PARALLEL CREATE TABLE <table> AS
<select_query>
SPLIT BY <column>
[BATCH SIZE <n>]
[THREADS <n>]
## Overview PARALLEL CREATE TABLE AS executes a CTAS using a range-partitioning strategy on a numeric key column. The source is divided into contiguous value ranges, each range is materialized by an independent writer, and the writers run concurrently up to the configured thread cap. ## Behavior - The runtime queries `MIN(<split_by>)` and `MAX(<split_by>)` on the source query, then divides the value space into ranges using the supplied BATCH SIZE (or a default) as the target rows per range. - One INSERT subquery is generated per range, of the form `<source> WHERE <split_by> >= <lo> AND <split_by> <= <hi>`. A separate trailing batch handles rows where `<split_by>` is NULL. - Batches execute concurrently in chunks of THREADS (default 8). All batches must complete successfully for the CTAS to succeed. - The result is identical to a single-threaded CTAS over the same source query: every source row lands in exactly one range or in the NULL batch. - Empty source: the runtime returns 'source is empty: no rows inserted' with no commit. - All-NULL split column: only the NULL batch executes; range batches are skipped. ## Restrictions - SPLIT BY is mandatory. Omitting it raises a parse error; there is no auto-detection. - The split column must be numeric. Non-numeric columns fail at MIN/MAX cast time. - The target table must not already exist. To replace, DROP the table first or use the non-parallel CREATE OR REPLACE form. ## Result format The statement returns a concurrent-execution summary table with one row per batch. Columns: `index`, `status`, `sql`, `message`, `rows_affected`, `elapsed_ms`, `error`. A failed batch surfaces its error on its row; surviving batches continue. ## Access Control No specific privilege is required beyond what the source SELECT and target CREATE need. ## Compatibility DeltaForge extension.

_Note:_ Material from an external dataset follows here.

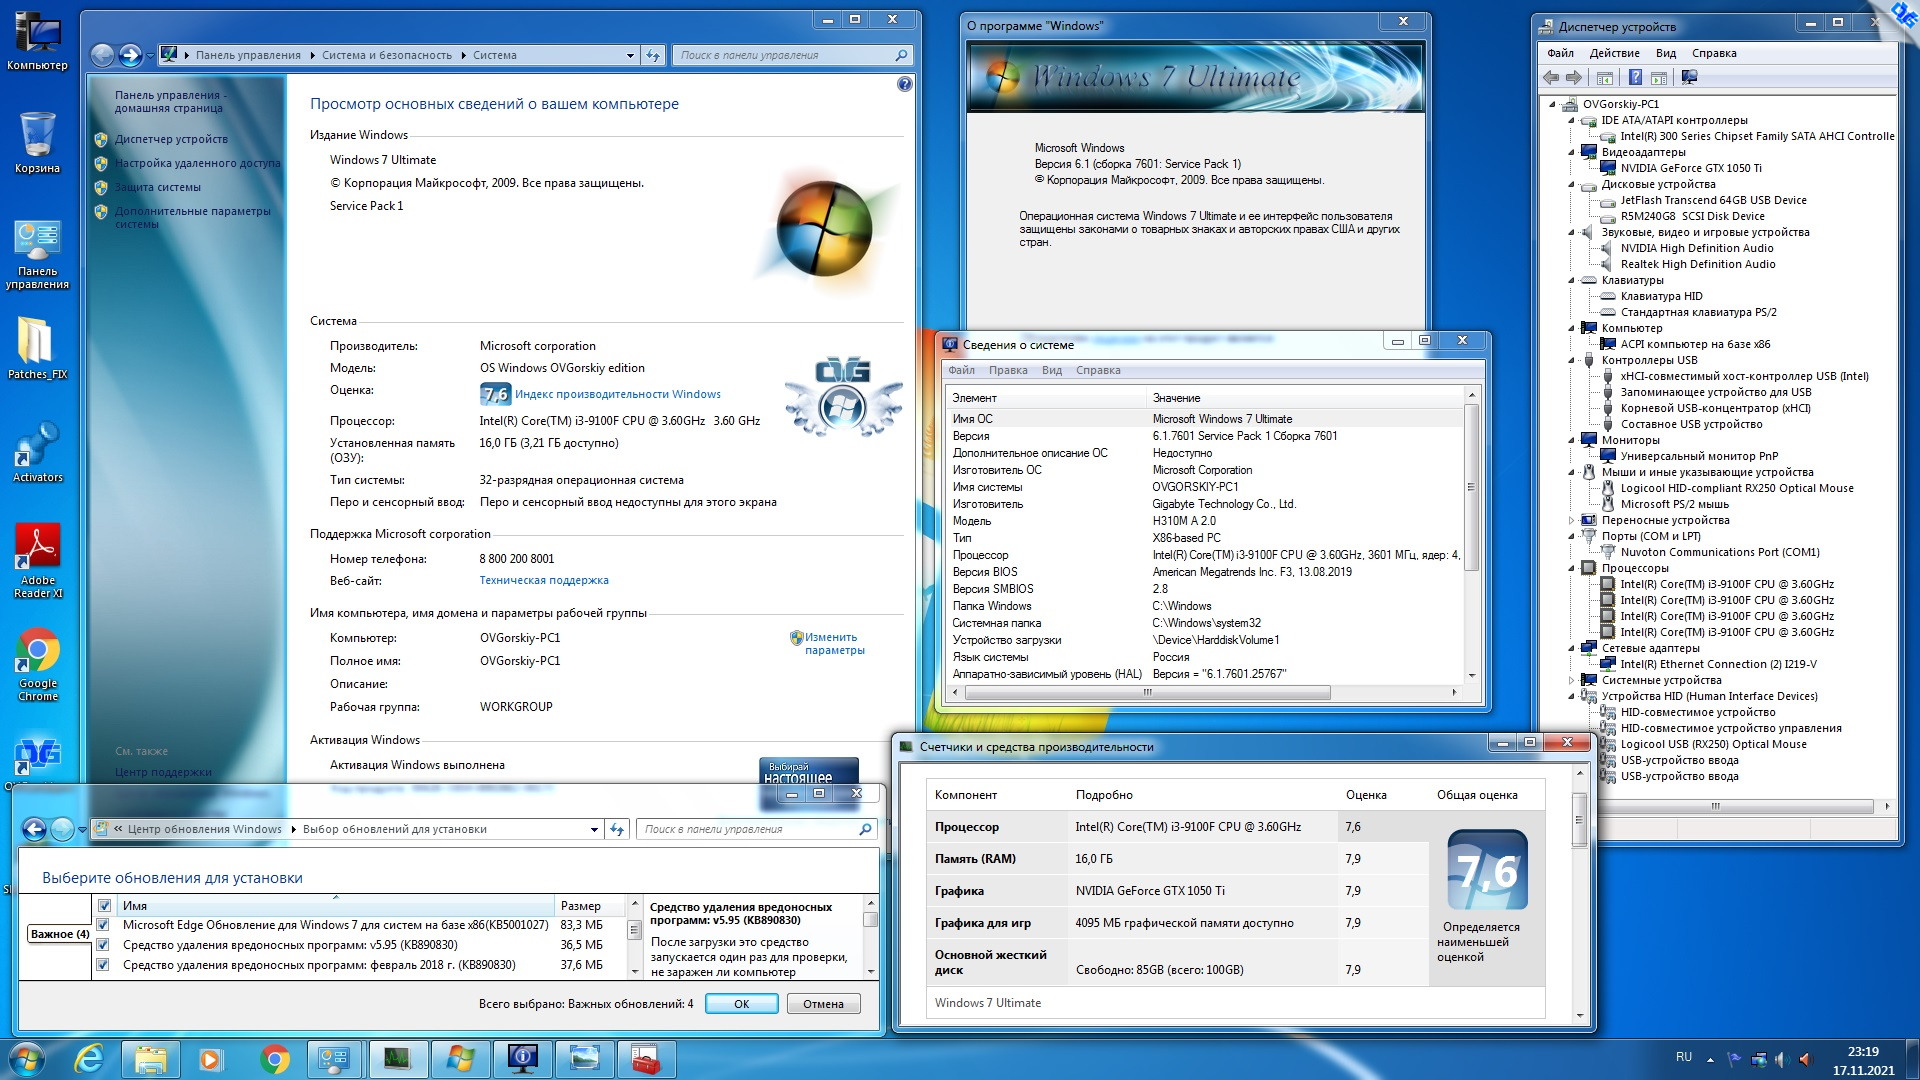 Microsoft® Windows® 7 Ultimate Ru x86 SP1 7DB by OVGorskiy 11.2021 1DVD

| Name | Type | Description |
|---|---|---|
table | Specifies the target table name. Must not already exist. | |
as_query | Specifies the source SELECT query. Must include the `SPLIT BY` column in its result schema. | |
split_by | Specifies the column used to range-partition the source. Must be numeric (cast to Int64 internally) so contiguous value ranges can be computed. | |
batch_size | Approximate rows per range batch. Affects how the value range is divided. | |
threads | Maximum concurrent writers. The runtime executes batches in chunks of this size. |
-- Eight-way parallel CTAS over a numeric primary key
PARALLEL CREATE TABLE gold.summary AS
SELECT * FROM silver.facts
SPLIT BY fact_id
THREADS 8;
-- Smaller batches to reduce per-writer memory pressure
PARALLEL CREATE TABLE gold.facts AS
SELECT * FROM silver.facts
SPLIT BY fact_id
BATCH SIZE 50000
THREADS 4;